What is the rate limiting step in heme synthesis? What cofactor is needed?

Where does this take place?

What inhibits this step?

Answer 31

ALA-synthase + B6

Occurs in the mitochondria

Glucose and heme will inhibit this step

Question 32

Acute intermittent porphyria

Answer 32

Defeciency in Porphobilinogen Deaminase –> increased levels of porphobilinogen, d-ALA. Uroporphyrin in the urine.

Presents like acute abdomin/neuropathy: stomach pain, polyneuropathy, port colored wine urine, and is precipitated by drugs

Tx: glucose and heme (to kill heme synth above the def.)

Question 33

Porphyria Cutanea Tarda

Answer 33

Def in Uroporphyrinogen Decarboxylase –> increased uroporphyrin in urine (tea colored)

Presents with tea pee, blistering photosensitivity w/ hair growth, dark face, alcoholism, and HCV (maybe)

Question 34

Lead Poisoning

Answer 34

creates a defective ferrochelatase AND ALA-dH (converts the last step in heme synthesis from protoporphyrin to heme)
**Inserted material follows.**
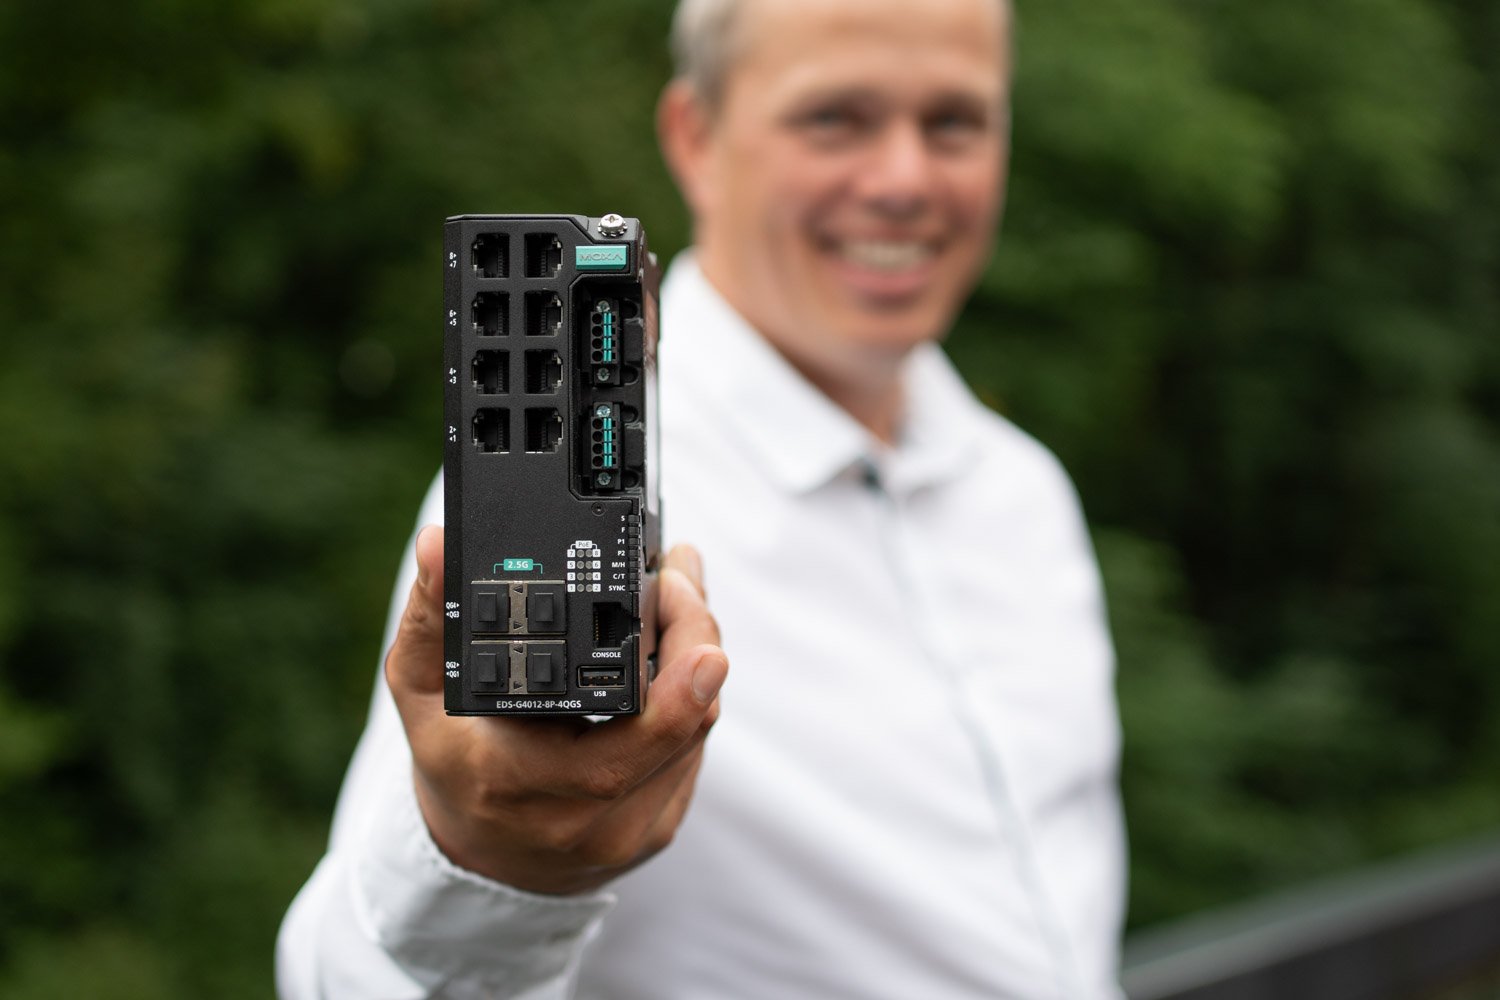 Mr. Gøran Labrå of Hatteland Technology holds up the Moxa EDS-G4012 to the camera. The unit is in focus, while Mr. Labrå is blurred out. He is smiling and wearing a white shirt. The background is made up of green trees.

causes microcytic hemochromic anemia w/ ringed sideroblasts (iron laden mitochondria inside RBCs seen in BM), MR, Stomach pain, dark gums, wrist/foot drop

Kids get it from eating paint
Adults get it from working in a battery/ammo factory

Tx: adults - EDTA/Succimer

Question 35

What are the pathogenicity and examples of Relative Polycythemia, Appropriate Absolute Poly, Inappropriate Absolute Poly, and Poly Vera?

Answer 35

Down Syndrome has an increased risk of Polycythemia

Relative = decreased plasma volume w/ normal RBC mass and O2 sat

Approp = increased RBC mass and decreased O2 sat. Can be due to Chronic Hypoxia (high alt, lung dz, sleep apnea)

Inapprop = increased RBC mass, normal others. Can be due to excessive EPO: RCC, Wilms Tumor, hepatocellular CA, ectopic usage

Poly Vera = Increased RBC mass and plasma volume due to benign RBC neoplasm. Itching after shower

Question 36

What makes the positive charge on histones? What is the only histone not to be part of the nucleosome core, what is its job?

Answer 36

histones = + charge via lysine and arginine

H1 is not a part of the nucleosome core, it links histones together

Question 37

What is the condensed form of DNA?

What does methylation and Acetylation do to DNA?

Answer 37

Condensed = heterochromatin

Methylation - inactivates

Acetylation - activates

Question 38

What amino acids are needed for purine and pyrimidine synthesis?

Answer 38

purine = GAG - glycine, aspartate, and glutamine (Carbons come from glycine, CO2 and THF, while Nitrogens come from aspartate and glutamine)

pyrimadines = Glutamine and Aspartate (Carbons come from CO2 and THF, Nitrogens come from asp and glut)

Question 39

What is orotic aciduria? How is it treated?

Answer 39

AR defect in UMP synthase –> cant make orotic acid into UMP

clx: megaloblastic anemia w/o hyperammonemia (This is different from OTC def (Urea cycle) where you would have hyperammonemia)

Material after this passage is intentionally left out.